Due to design fault oil filters have tendency to unscrew themselves. Quite a few people had lost their motor because they didn't catch this in time.

Transfer case of AWD cars has a design flaw in the drive shaft output yoke that lets the fluid leak at high speed. Yoke seal might leak, or yoke itself since it is plugged with copper. To check if yours is leaking, get under the car and look in the area where drive shaft leaves the T-case for wet areas, or look at the downpipe for signs of burned liquid. If your T-case locks up at speed, all 4 wheels will lock up.

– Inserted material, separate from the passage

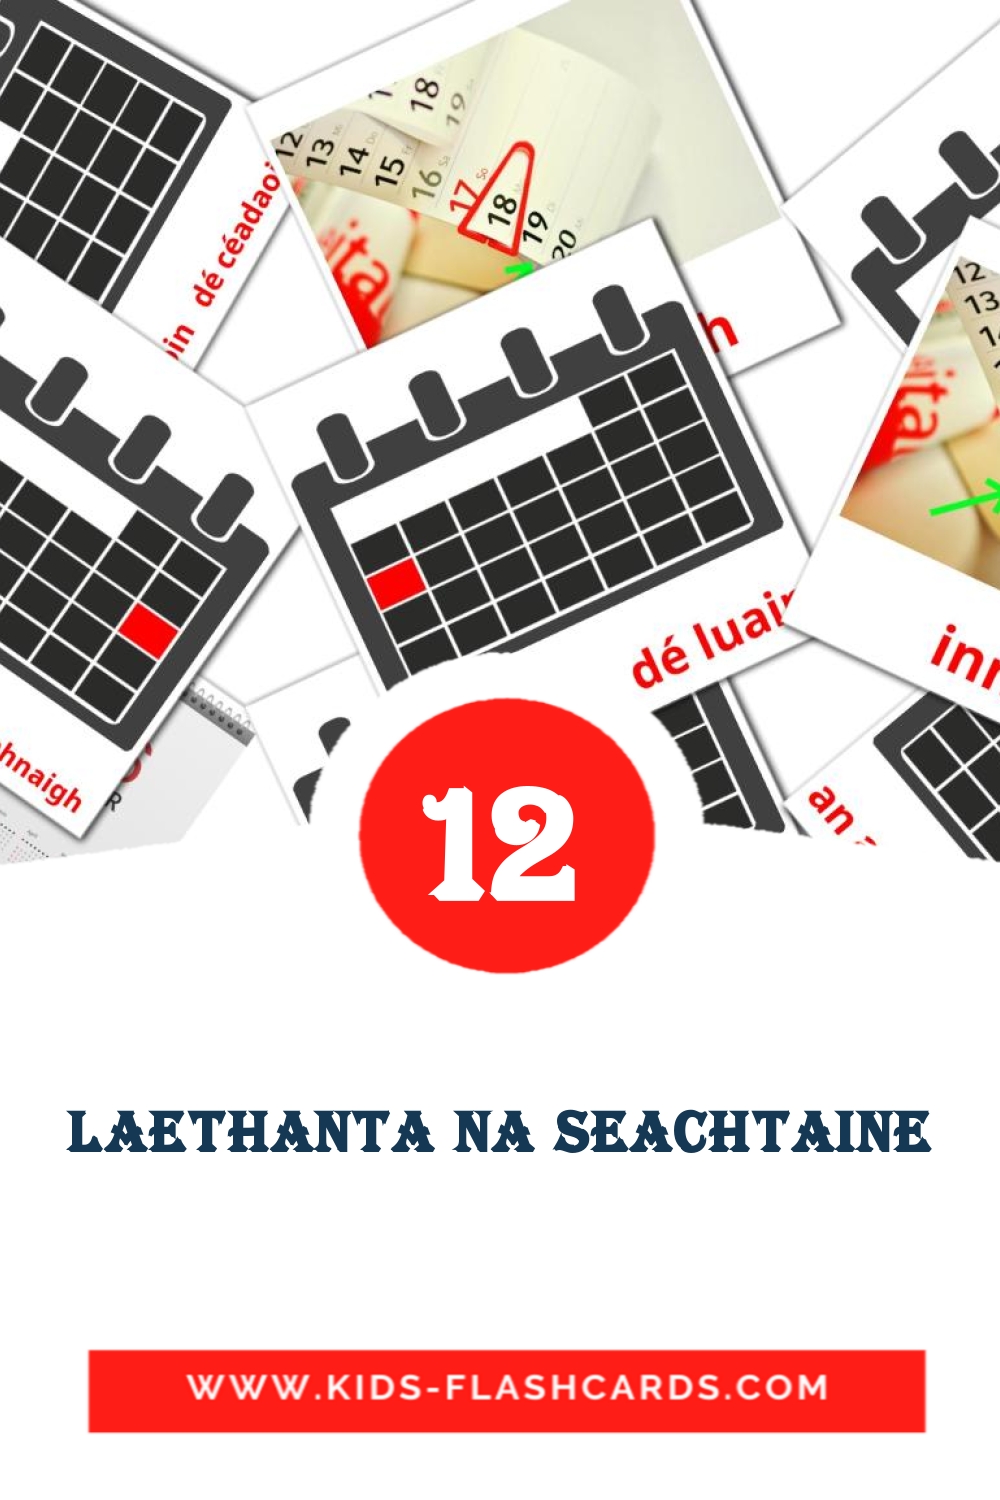 12 carte illustrate di Laethanta na seachtaine per la scuola materna in irlandesi

Hopefully this will help turn away few people from making a mistake of buying a DSM car. If you want a solid sports car, save some money and buy a BMW M3.

7th May 2009, 06:11

I think I'd rather pay to repair a DSM before a BMW. That stuff is way expensive.

20th Jun 2009, 01:08

I've had my 1992 TSI for the last 10 years, from 80,000-150,000 miles. Fast, fast car, even when left stock. I maintained it with factory parts ie. exhaust manifold, C.V. rubbers, couple of sensors. Changed the oil with Castrol 20-50 because it smoked with thinner oil. I also commuted in it 30 miles a day, every day. Absolutely the funnest commute I ever had, couldn't wait to jump into this car. Just sold it, and she's gonna be sadly missed!!